Rockstor in VM on Hardware Raid

@b_b Hello again.
Re:
1, 2, 3 - all clear I think. Assuming the minimum system requirements are met - predominantly access to a static reliable serial for said devices.

That’s a tricky one - as from the btrfs point of view it kind of does and I think that was the meaning here. Hardware raid adds disk fail redundancy (underneath - if in a redundant profile of course) but it does it blind to the consequences. There is also the possibility of passing two raid backed virtual drives through:

  • but you cover that in point 5. So agreed on that point. But we have the single point of failure that it will likely be the same raid controller - but multi-port HBA has this same single point of failure: however the HBA doesn’t invisibly mix the drives!! So I would say passing two virtual drives is better but still suffers from having something unaware of the data integrity (hw or md/dm raid) as a whole undermining something that is (checksum cow fs).

We agree I think on 5 as true - there-abouts. But the key element here (re 6.) is that drives are directly managed by the kernel - i.e. same ‘house/ball-park’ as btrfs itself.

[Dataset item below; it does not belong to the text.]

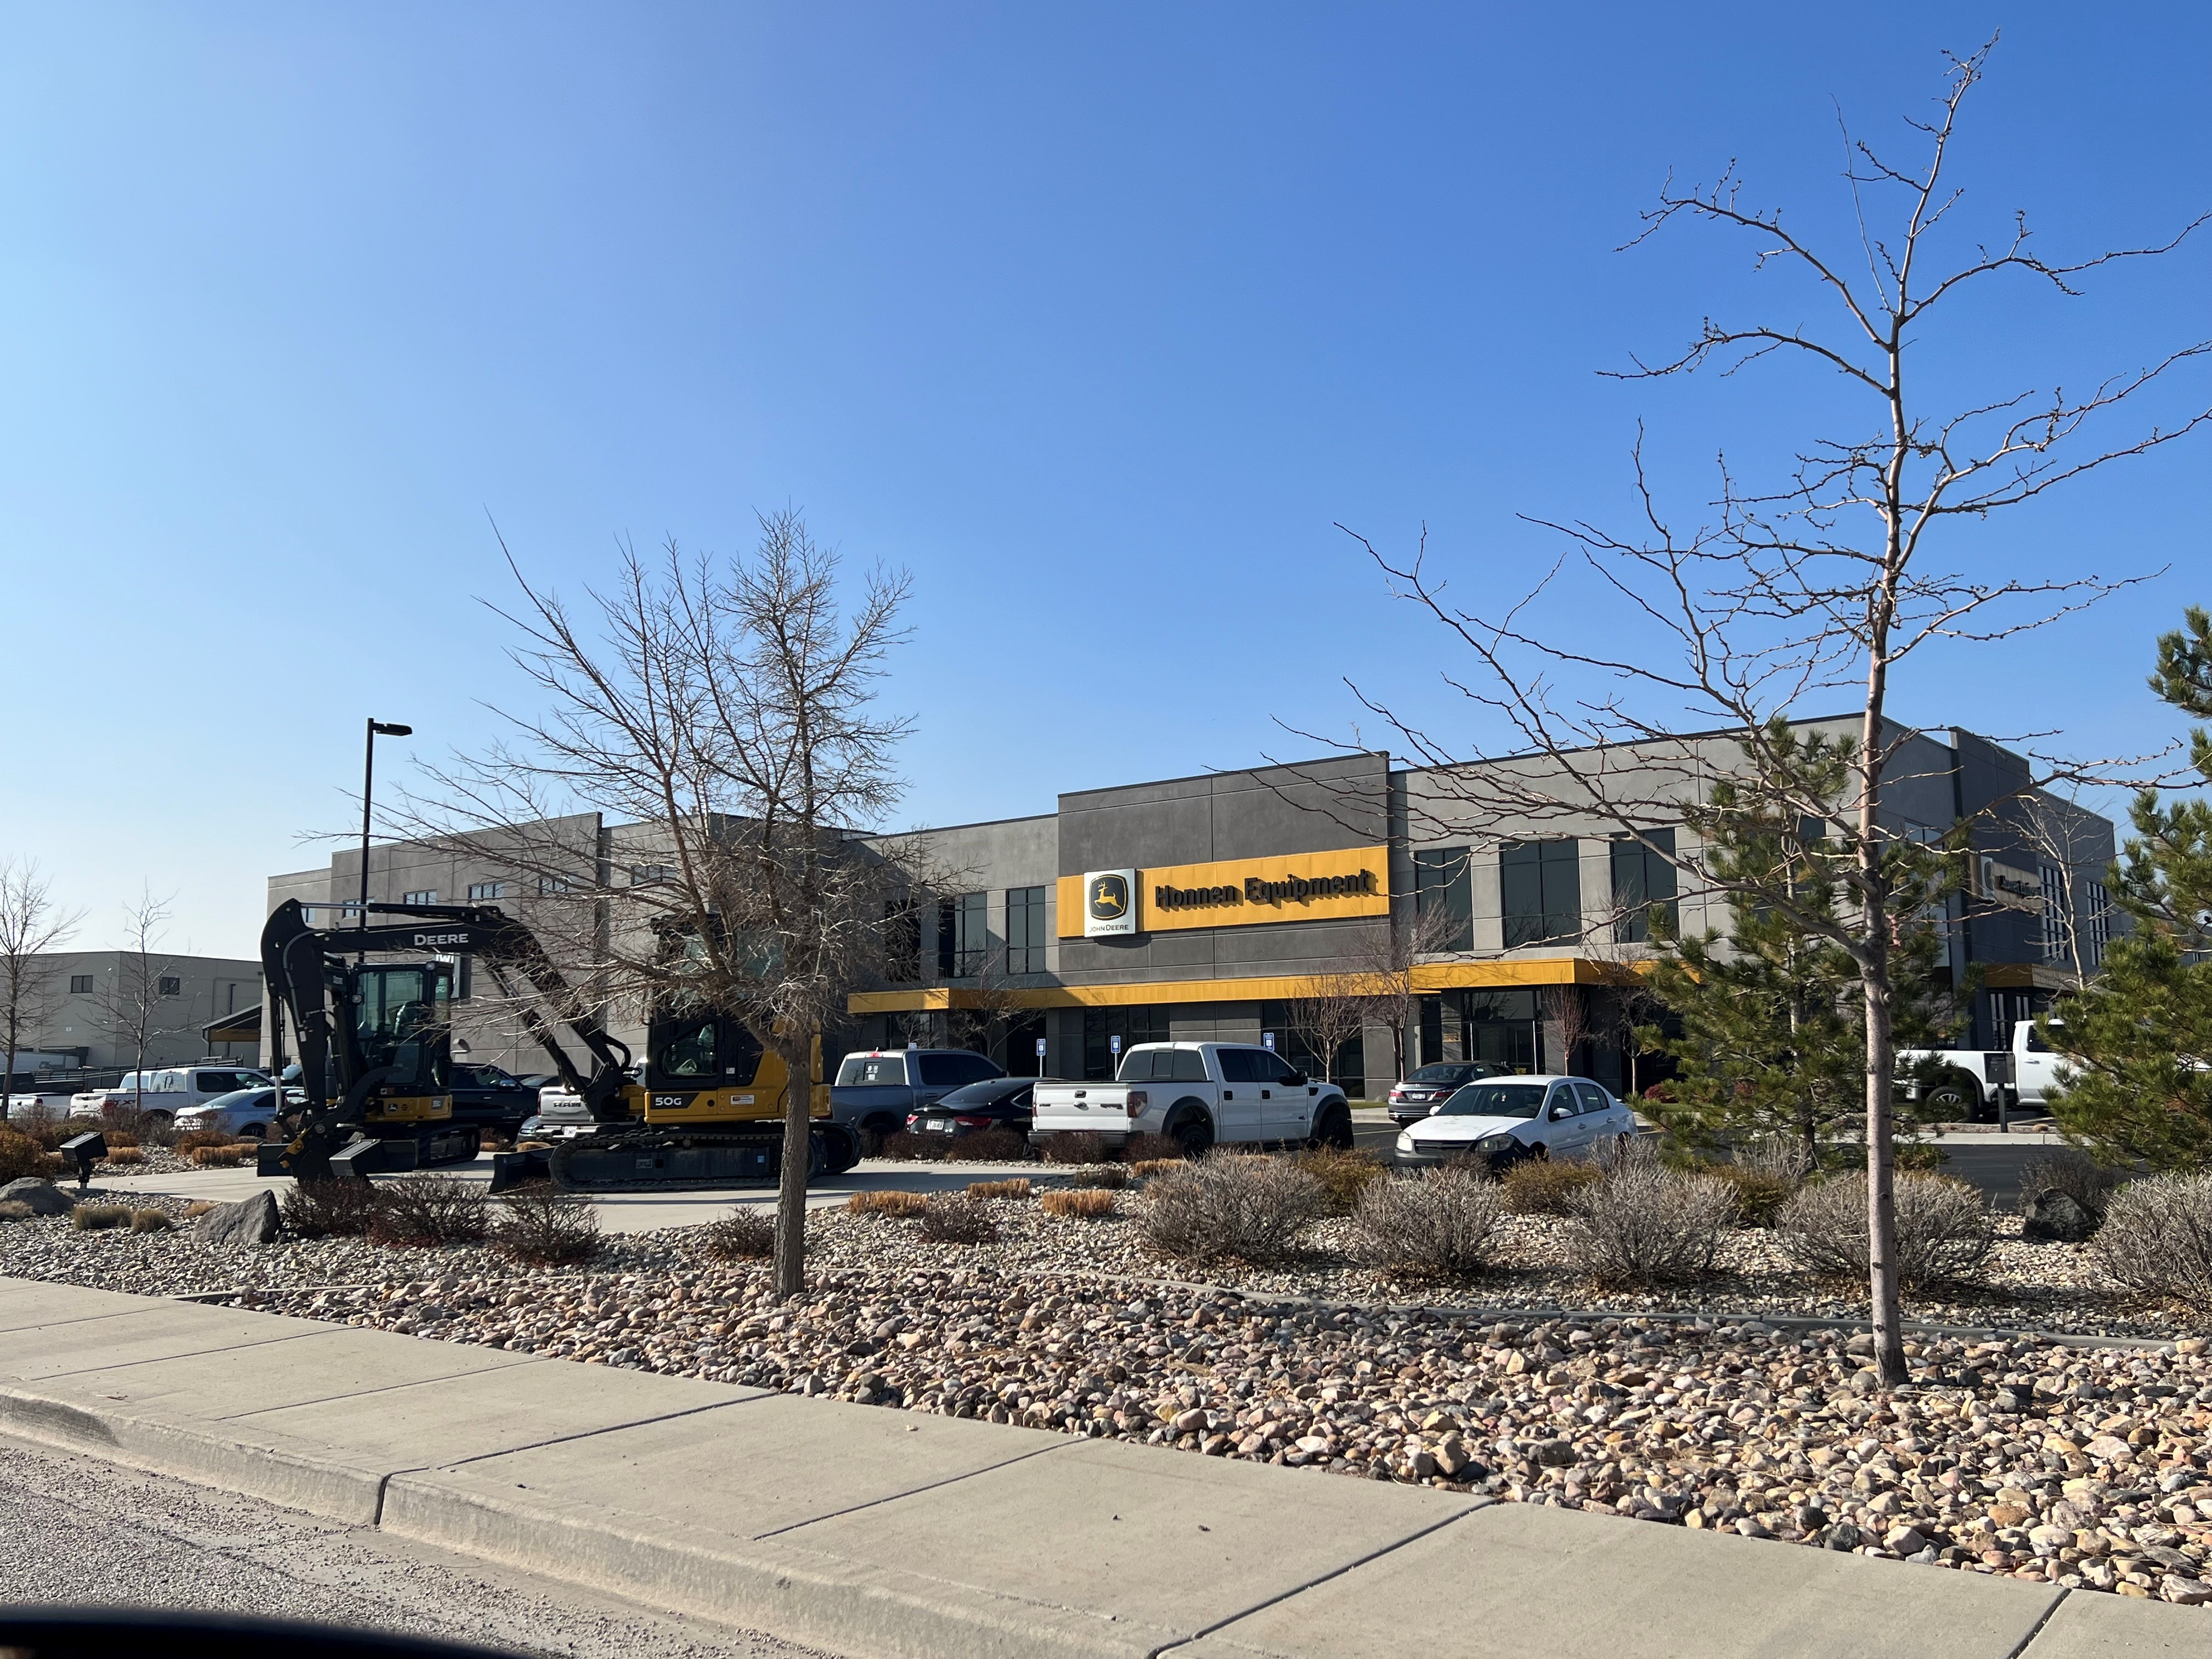 RDO Storefront RDO Equipment Co. - John Deere Salt Lake City (801)262-7441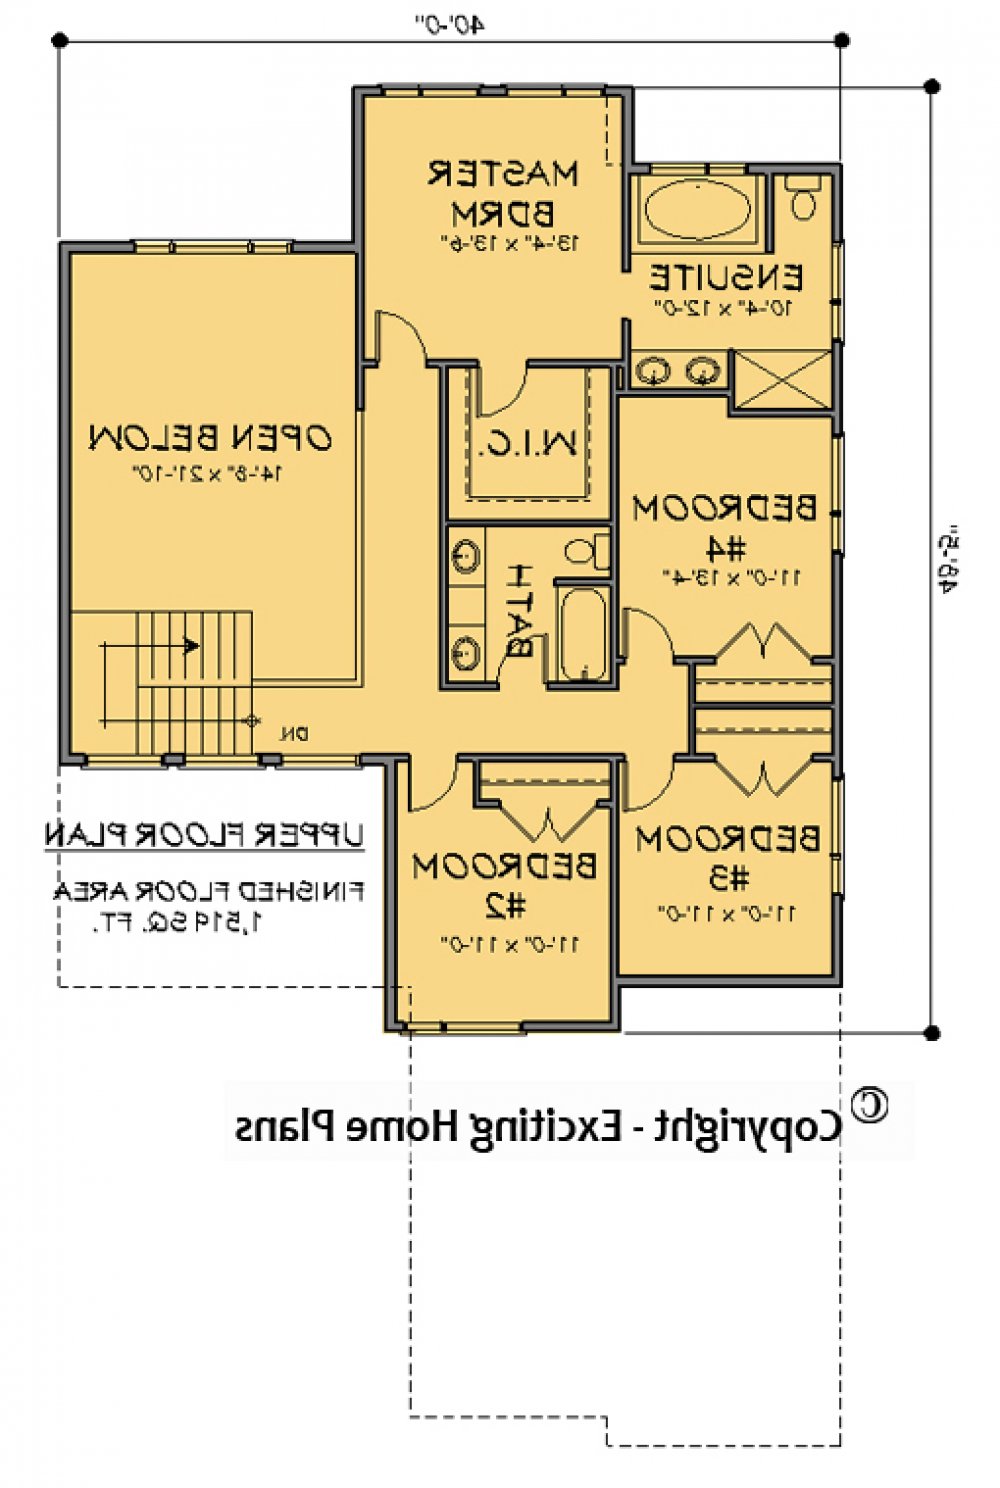 House Plan E1714-10  Upper Floor Plan REVERSE

The particular subsystem responsible for the type of block device has the call here. But it will be far more ‘native’ than what is essentially a dump hw raid. HW raid just wants to present the OS with presumed in this case redundant of sorts block device. But it will drop an entire drive to do this. And potentially good copies of other data in the ‘deal’. That was all we had at one point: we now have software raid that can be more clever at this. Especially when that raid system is intergrated into the fs.

We also have to consider flexibility into the mix here. We have thus far only considered redundancy: a system that continues to serve is of more use than one that must be replaced, or taken off line to rebuild a newer bigger pool. Btrfs can do this online - while serving. That is another element of data integrity - a systems ability to adapt to changing use. See online growing/shrinking ReRaid capabilities that are also a win (for some).

I quite like this break down - after some discussion we should consider patching that in somewhere in the docs as this type of discussion comes up from time to time and I am know expert but it’s pretty much as I see things - given our Minimum System requirements (specifically the ‘drive’/device serial thing)

We don’t actually cater to this. We are all-in on btrfs as our entire design is build around it’s unique capabilities.

Why? - Without hw raid and their often proprietary (or firmware linked) dive format - one can move a set of drives from one machine to another. So I do not agree here. If we are talking of the summary presented in 7. Btrfs is an in-kernel filesystem: given a equal or later kernel these exact same dives can be attached to equivalent ports on an other machine - in any arrangement. It is very much not like hw raid in that respect.

Again: only sort of. If both virtual drives are from the same raid controller: they are not independent: a key design element that btrfs assumes with its chunk based raid. Each chunk in say raid1 (2 chunks per data/metadata) is placed on what is assumed to be independant devices. But if they are from the same raid controller they are not - they just look that way.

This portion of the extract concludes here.